Python uses the `pandas` package to create and manipulate data frames. A data frame is a table with labelled columns and rows. Data frames are useful because they can have a mix of different data types as entries. This is particularly helpful when working with string based labels (like species, units, etc) and float or integer data (measurements or parameters).

One of the most commonly used outputs of the QSP notebook is in the form of a data frame. And client data is typically imported as a data frame.

A dataframe can be created in a similar manner as a dictionary by using `df = pd.DataFrame({'column': [list of entries]})`. We will cover importing a dataframe in the introductory plotting notebook.

To call a column from the dataframe you can use either `df['column']` or `df.column`. This second option only works if there are no spaces in the column name.

Rows in a data frame are labeled by `index`. By default these are integers starting at zero - though you many turn a non integer column into indices. To call specific rows you may use similar method as in list and array indexing `df.loc[start:stop:step]`.

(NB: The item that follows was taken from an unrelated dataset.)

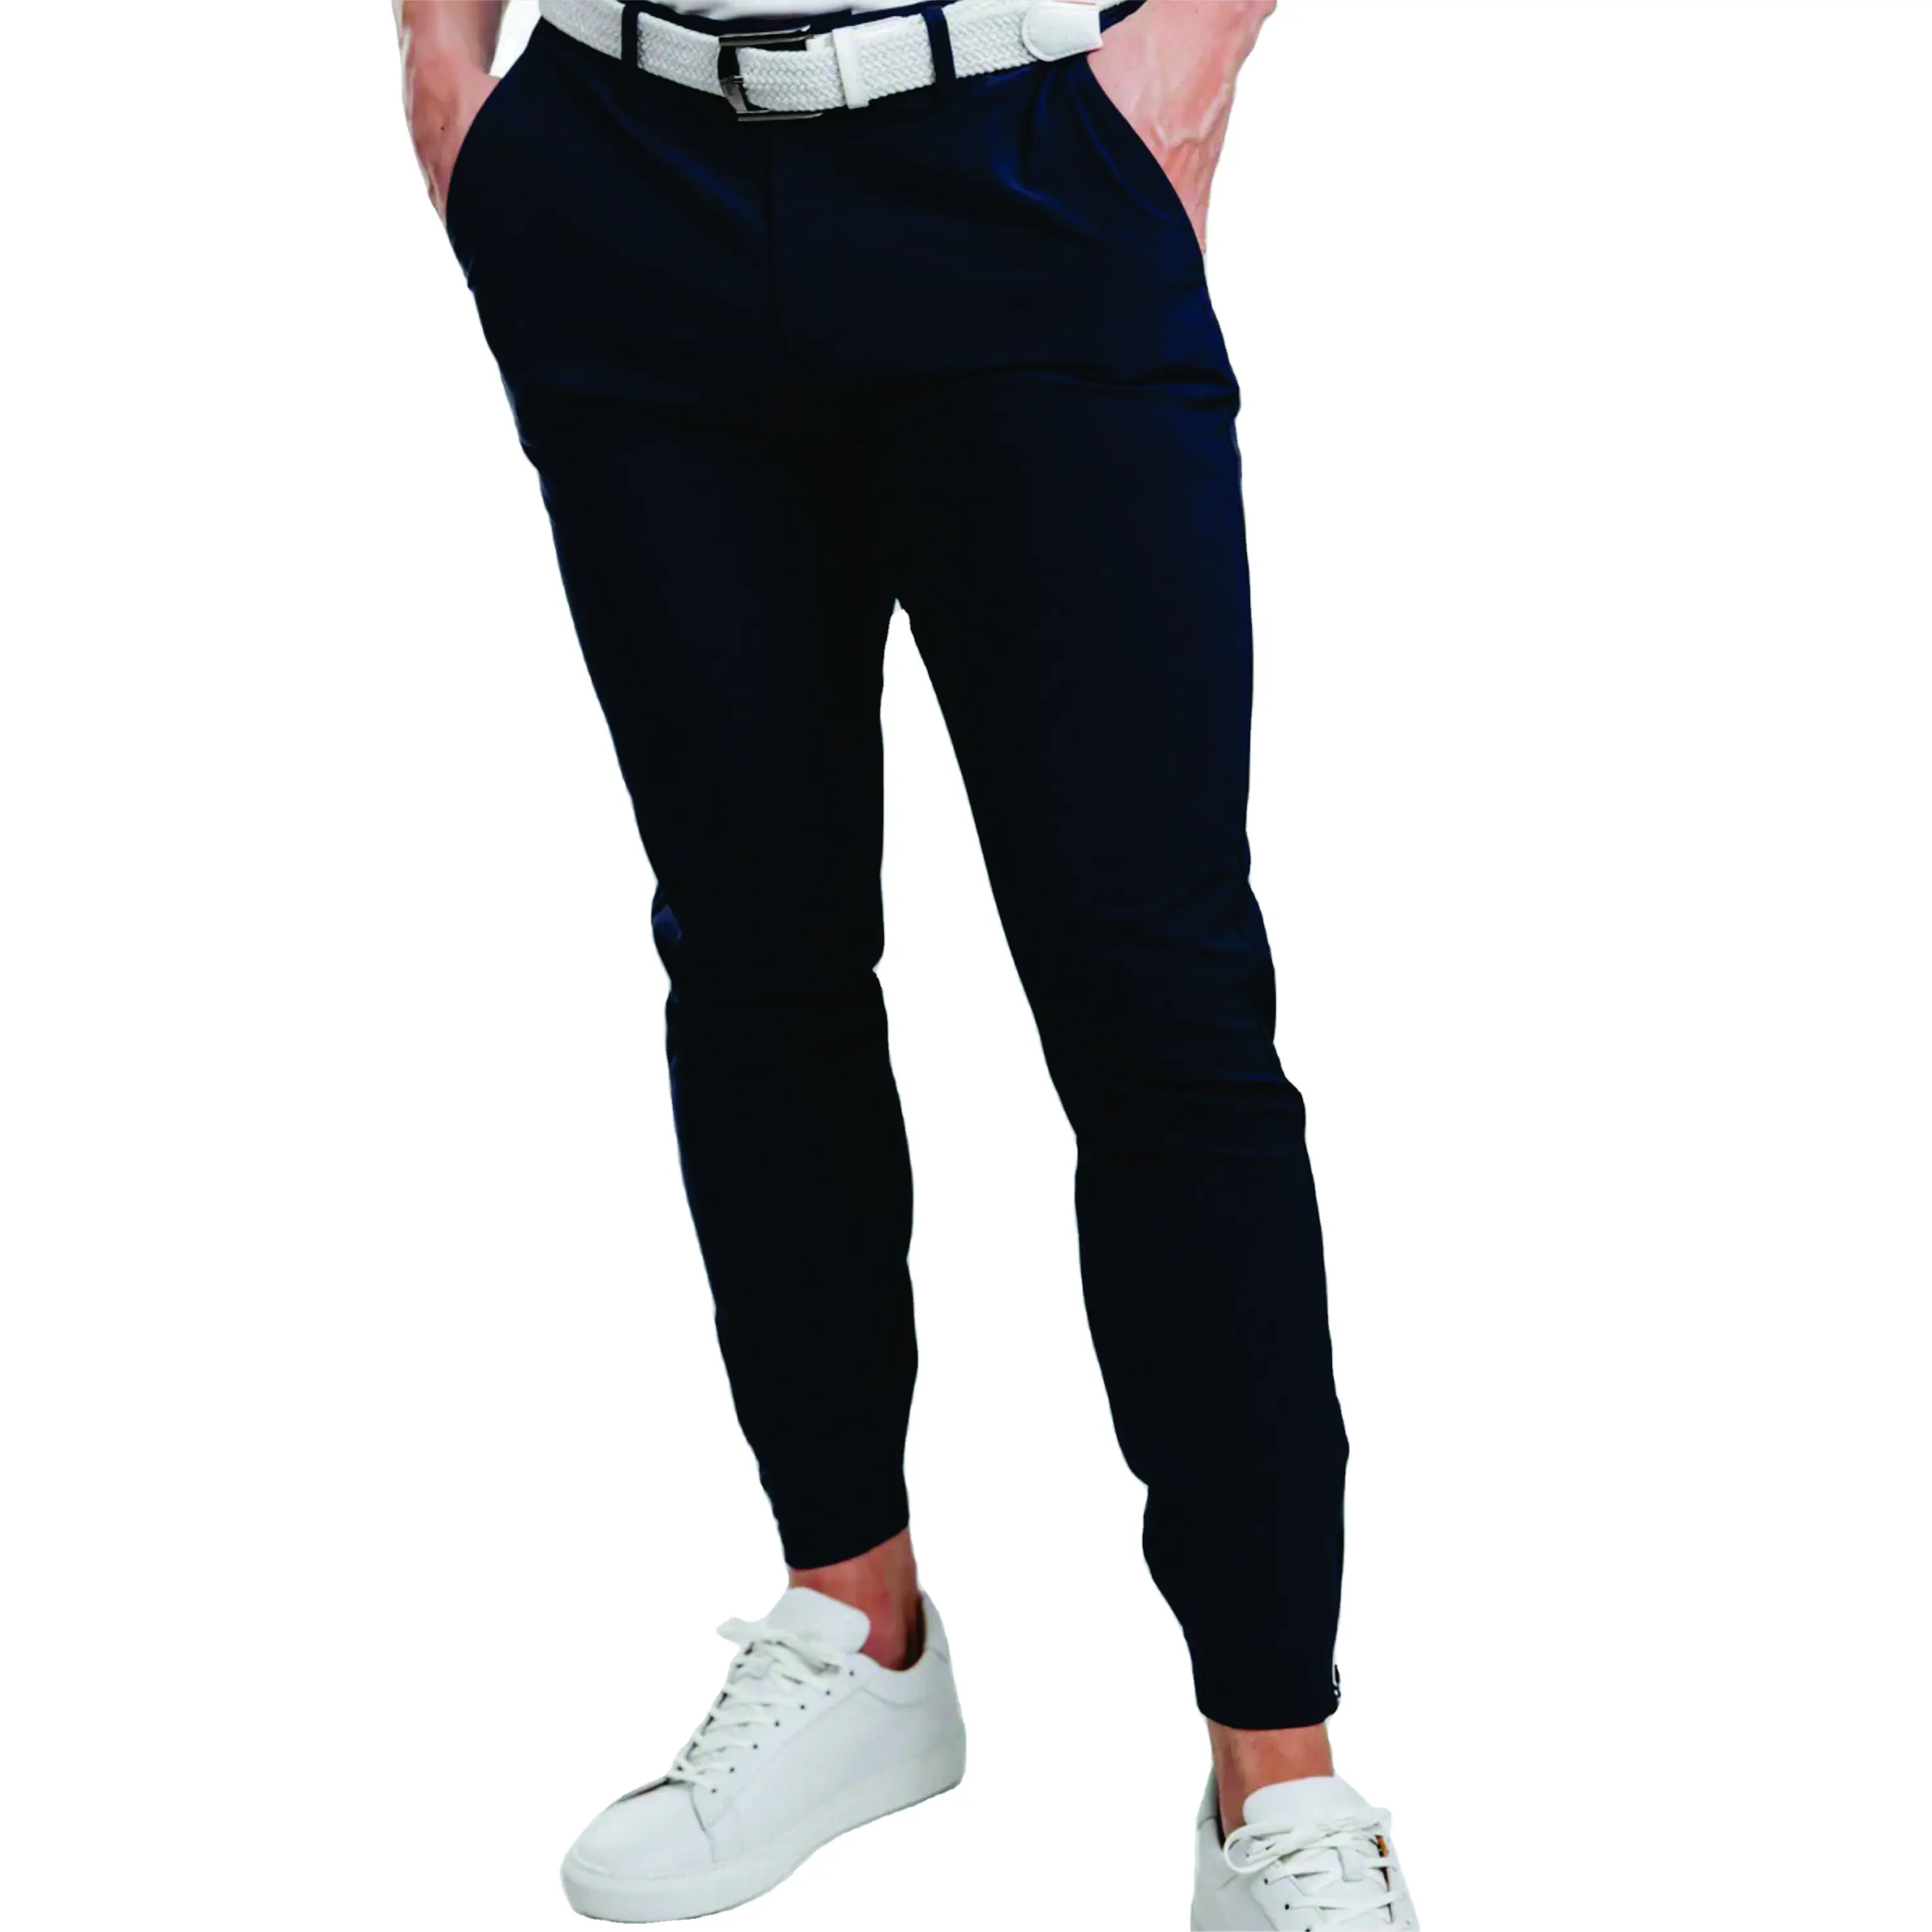 Logotipo personalizado Alta Qualidade Calças Retas Golfe Secagem Rápida Respirável confortável estudantes do ensino Superior uniformes calças

Some useful methods for data frames are listed here:
* `.query('condition')` - calls all rows that satisfy a specific condition. Note the condition must be listed as a string and is typically regarding the value of entries in a specific column.
* `.groupby([list of column])` - creates a grouped object collecting all row entries that share the same listed column values
* `.groupby([list of column]).agg(summary statistic)` - creates a new dataframe that summarizes the remaining columns after grouping

### Fifth Task

* Create a dataframe for the following minimal dummy data set:
$$\begin{array}{|c|c|c|c|}
\hline\text{\textbf{species}}& \text{\textbf{output}} & \text{\textbf{unit}} & \text{\textbf{measurement}}\\ \hline \hline
 \text{human}& \text{BW}& \text{kg}& \text{68.5} \\\hline
 \text{human}& \text{BW}& \text{kg}& \text{76.57} \\\hline
 \text{human}& \text{BW}& \text{kg}& \text{68.7} \\\hline
 \text{cyno}& \text{BW}& \text{kg}& \text{3.11} \\\hline
 \text{cyno}& \text{BW}& \text{kg}& \text{2.61} \\\hline
 \text{cyno}& \text{BW}& \text{kg}& \text{3.87} \\\hline
 \text{human}& \text{volume\_central}& \text{L}& \text{2.85} \\\hline
 \text{human}& \text{volume\_central}& \text{L}& \text{3.24} \\\hline
 \text{human}& \text{volume\_central}& \text{L}& \text{3.01} \\\hline
 \text{cyno}& \text{volume\_central}& \text{L}& \text{0.154} \\\hline
 \text{cyno}& \text{volume\_central}& \text{L}& \text{0.153} \\\hline
 \text{cyno}& \text{volume\_central}& \text{L}& \text{0.146}\\\hline
\end{array}$$
* Use `display(...)` to display the data frame you created
* Display just the human measurements
* Display just the body weight measurements
* Group the data frame by species and output and calculate the mean and standard deviation of the measured values
  

In [16]:
# create a data frame


In [17]:
# display the data frame


In [18]:
#display human measurements


In [19]:
#display BW


In [20]:
# group by species and measurement and take statistics